Сон в … ногу
- Провались пропадом эти кабаны: не охотился раньше, а теперь и подавно не буду, - подвел итог своей первой кабаньей вылазке мой приятель Саня Козачек.
Да, да это я вытащил его, убежденного утятника, на мероприятие столь же опасное, как и езда на автомобиле для человека, впервой севшего за руль.
Не-ет, робким или трусоватым, его не назовешь. Как-никак, в ВДВ служил…
Просто птички, вода, рыбалка нравились ему куда больше любой зверовой охоты. Вот только баловался, время от времени, недозволенными снастишками: сетками, «телевизорами», жакам. Не прочь был уток на моторке с подрыва пострелять. Попадался. Но как-то все ему сходило.
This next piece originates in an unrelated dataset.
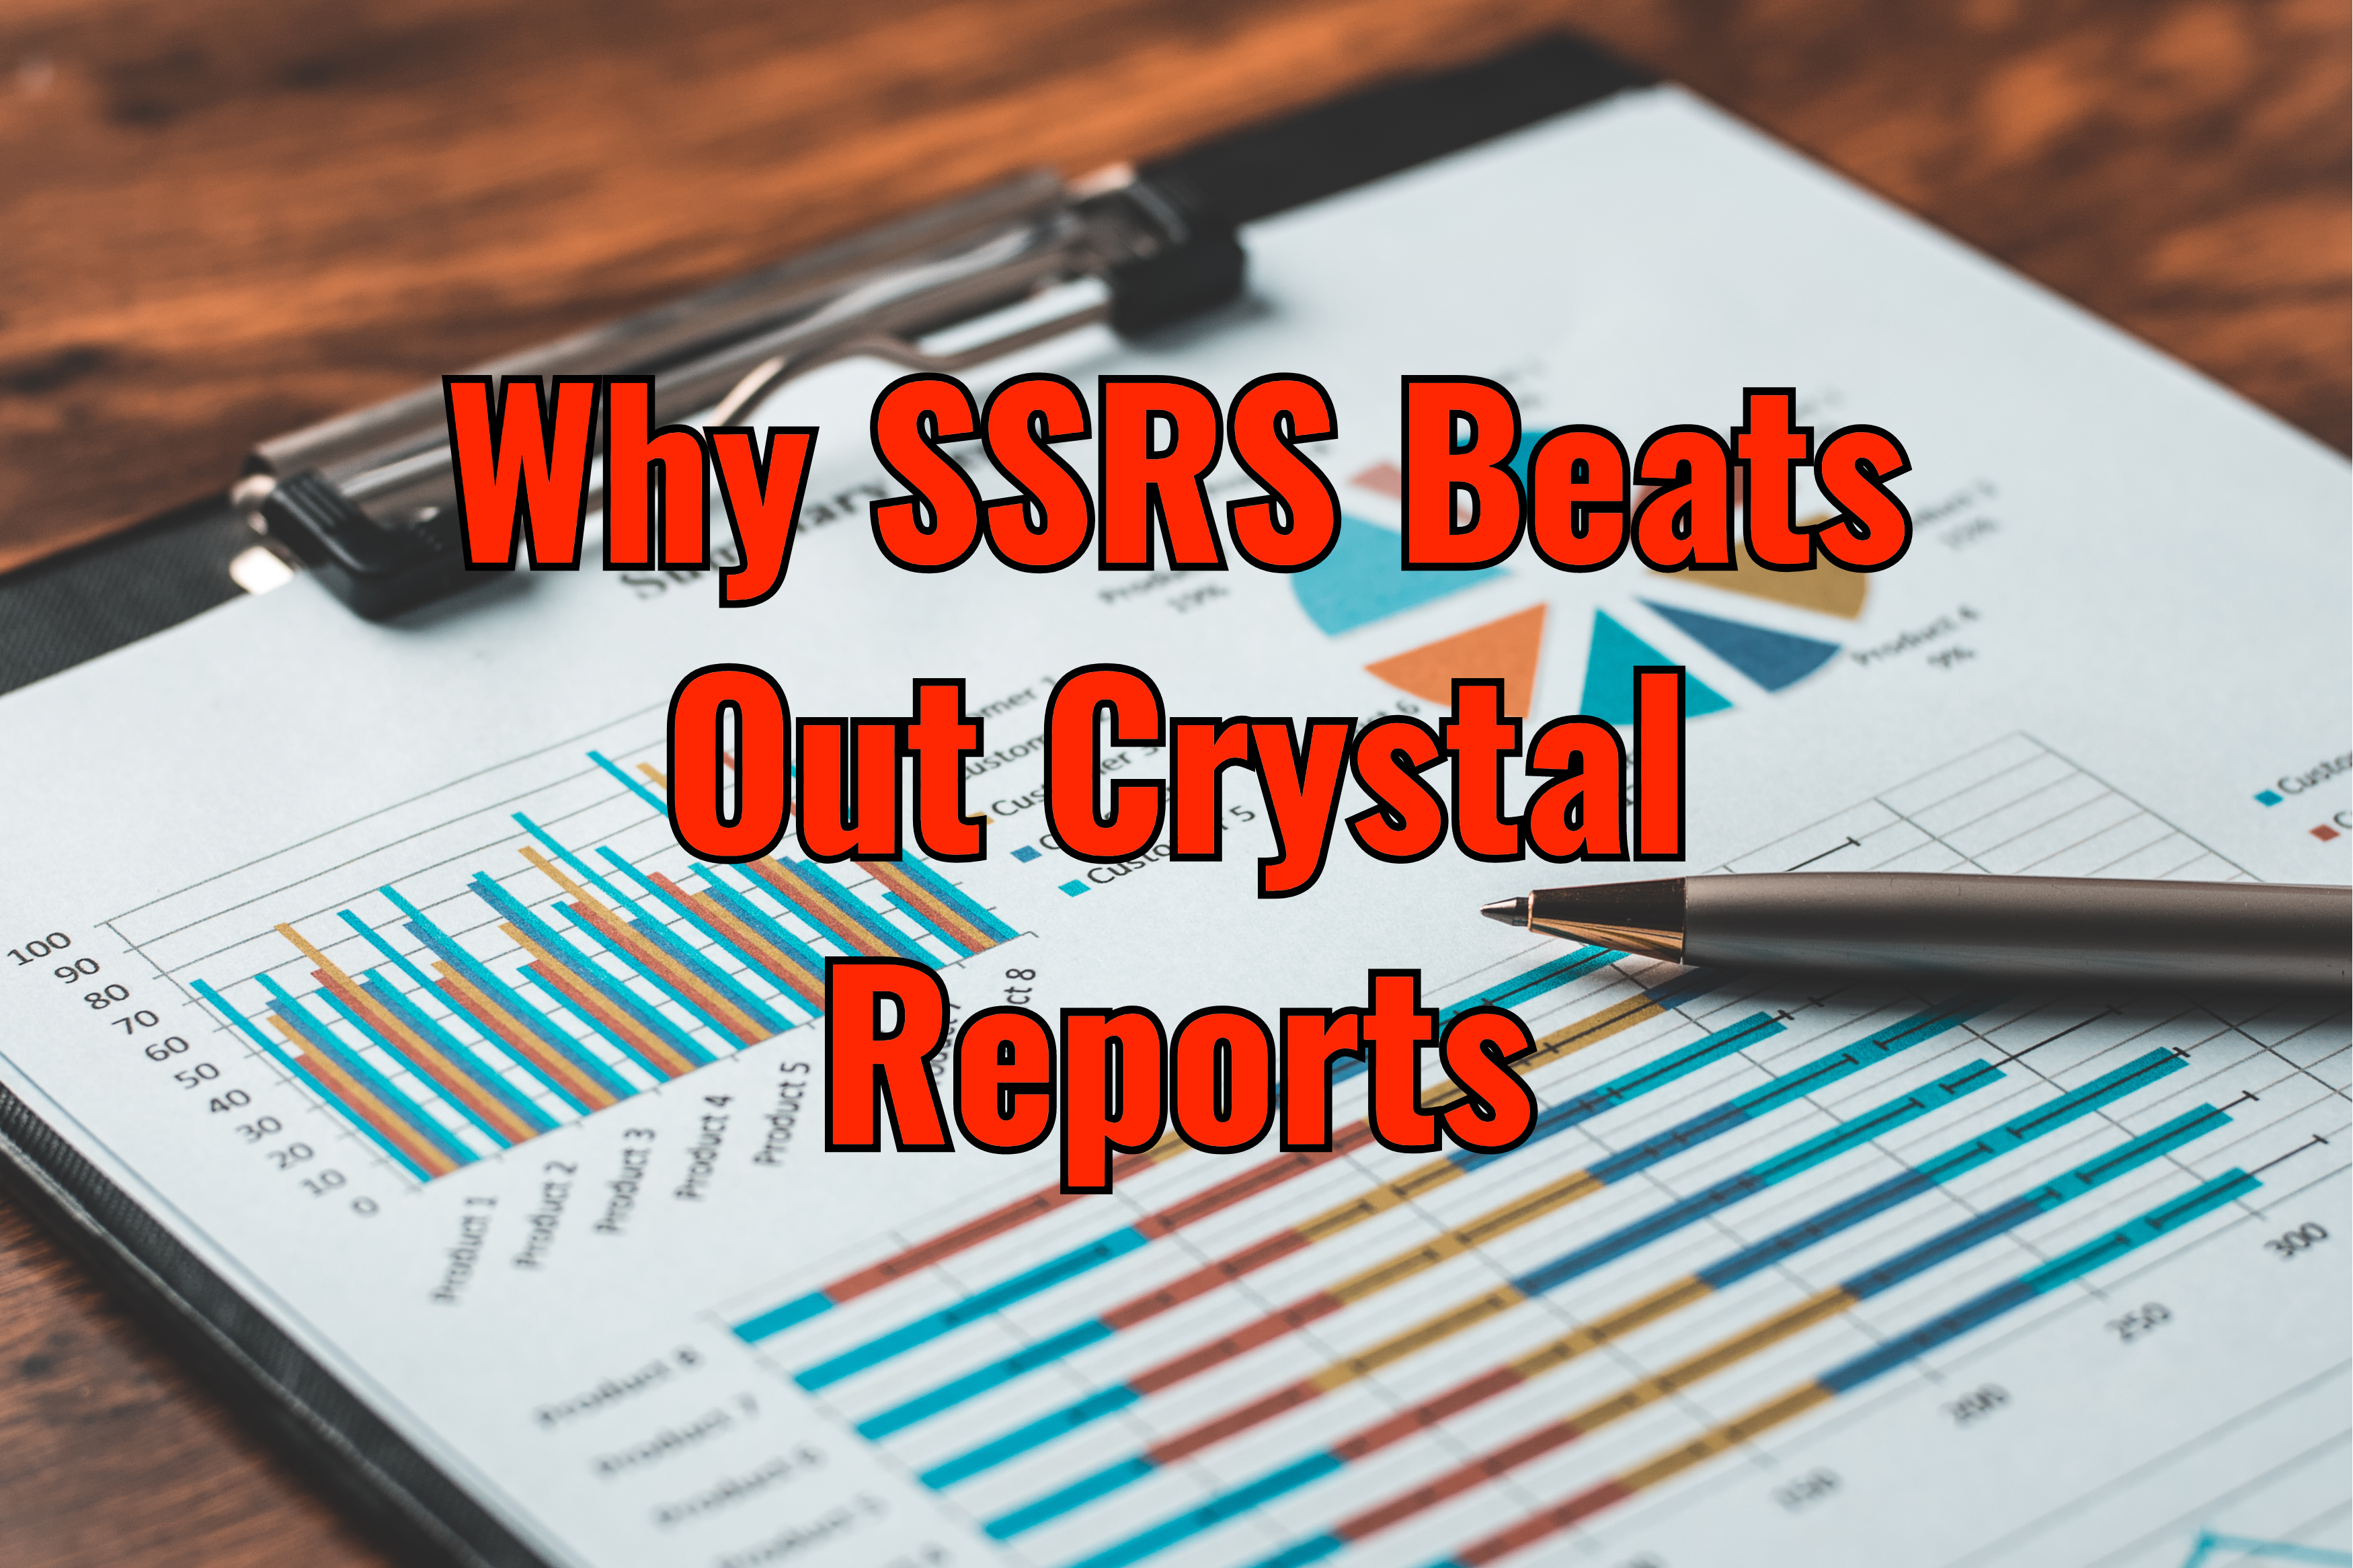 Why SSRS Beats Out Crystal Reports

Решил я приобщить его к коллективной охоте, где ничего лишнего охотник себе позволить не может. Вроде, как шефство взял.
Зима в тот год была стылая и многоснежная. Но, не смотря на крутые погоды, мы собрались в Сумскую область поохотиться на кабанов. В ту пору они водились там во множестве. По крутоярам, обширным болотам и соснякам немало торных троп понаделали их стада.
Охота предстояла комплексная: кабан, косуля и пушной зверь. Такие охоты, в целом, сулят успех, но проводить их бывает не просто – того и гляди, основного зверя подшумят.
К выезду мороз ослаб, выдохся и радостно заискрился припорошенный инеем лес, кустарники, поля. Улестила погода. И все ж, ходить заснеженными ярами – не Крещатиком дефилировать. Сделав два утомительных и пустых загона, согласились с лесником Порфирьичем, что залегает нынче кабан в кущах сухих торфяных болот. Брать зверя на таких пространствах, по нескольку километров в поперечнике – тяжко до жути. Выручали там дренажные канавы, вдоль которых имелась возможность «затянуть фланги», а загонщикам не свалиться с направления гона.
При подъезде к торфяникам мы обнаружили свежую входную тропу. Мелочи, как показывали следы: подсвинков и сеголетков в стаде, почитай, что и не было.
В большинстве, зверь крупный, трех-пяти лет. Собаки Гриши- «бороды», лайки Белка и Вьюга, заволновались, тыкаясь носами в кабаньи следы.
Санек получил в загоне место по левую от Григория руку. Одет он был в белый армейский полушубок и легкие валенки. Это была удобная одежда, чтобы ломиться в гущару болотных дебрей. А состояла она из очерета, камыша, густых ивовых кустарников, перемешанных с шиповником, орешником, осинами и березками.
Взялись загонщики дружно, подбадривая себя «гопаньем», «аканьем» и, подчас, литературно трудно переводимыми, но всем охотникам очень понятными, покриками.
Санек, сперва, продирался с трудом. Все-то за него цеплялось и придерживало.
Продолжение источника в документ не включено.